Until this summer. This summer I have cherished the days soaring into the nineties. I have loved having not a cloud in the sky so the heat bakes everything. And the reason for that is my boys. Watching little kids play in a kiddie pool and discover how fun water really is for the first time has been so fun. Watching my oldest corner his little brother against the fence while he sprays him with a hose is so cruel, yet so wonderful that he learned to do it all on his own. I loved every time a swim diaper was put on. I loved a kiddie pool getting filled up every day. I loved sun tan lotion being drenched on the boys every day. I loved little boys getting adorable little versions of ‘farmers tans’ every day. This is the first summer since I was seven that I’ve enjoyed the heat.
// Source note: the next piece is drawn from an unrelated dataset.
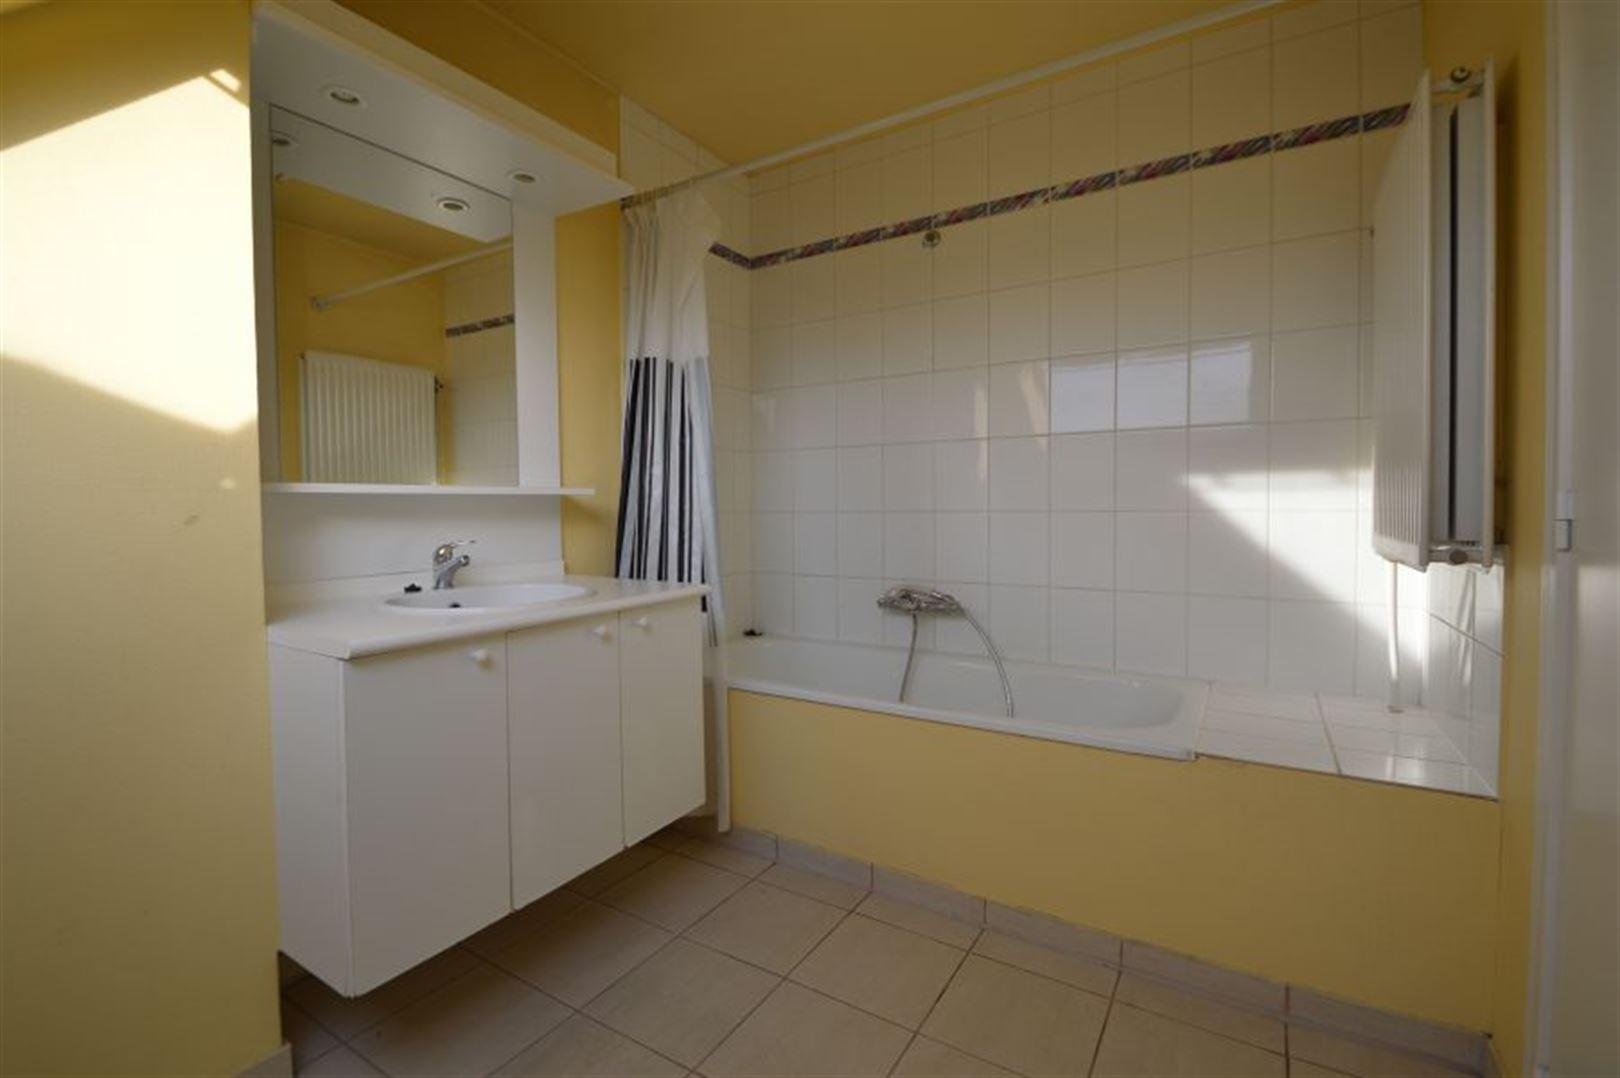 Foto 6 : Duplex/Penthouse te 9200 Baasrode (België) - Prijs € 585

And I’m sure someone is asking why I would pick such a mundane age of seven to start hating summers. But I remember the summer before my eighth birthday and why that summer turned me against the heat. That summer I spent every single day in our pool at our apartment building. I was quite the daredevil and a fish to water, as most girls that age. I could open my eyes under water, do flips into the pool, dive down to the bottom of the deep end, all the normal things. And one day, which I remember over nineteen years later, I was trying my hand at running and jumping, then doing a somersault into the pool. Which I had to practice because I had, and still have I might add, a zero amount of coordination. But that is a topic in and of itself! So I was running and doing my somersaults, going farther and farther each time. It wouldn’t be that unusual of a day but the problem lay in the fact that I was closing my eyes just before the pool and relying on my judge of distance for when to jump into the pool. So on one of my brave attempts, I miscalculated the distance and did my somersault on the concrete, falling into the pool blacked out. Thankfully I didn’t hit my head hard or anything dramatic or after-school-special level. I just scared myself enough that that would be the last summer I would spend all day in the heat.
But now I have a new reason to love summer and I hope that as my boys get older, they will love the water like I did. I hope that spending our days outside in the wonderful heat will reignite my love for lazy summer days and warm lovely pools. I will dream of that as leaves slowly begin to show signs of their impending hibernation. When our family is no longer able to take strolls every evening, I will daydream about them. And when the snow is heavy, and everything is barren, I will count down the days for blistering heat and cloudless skies.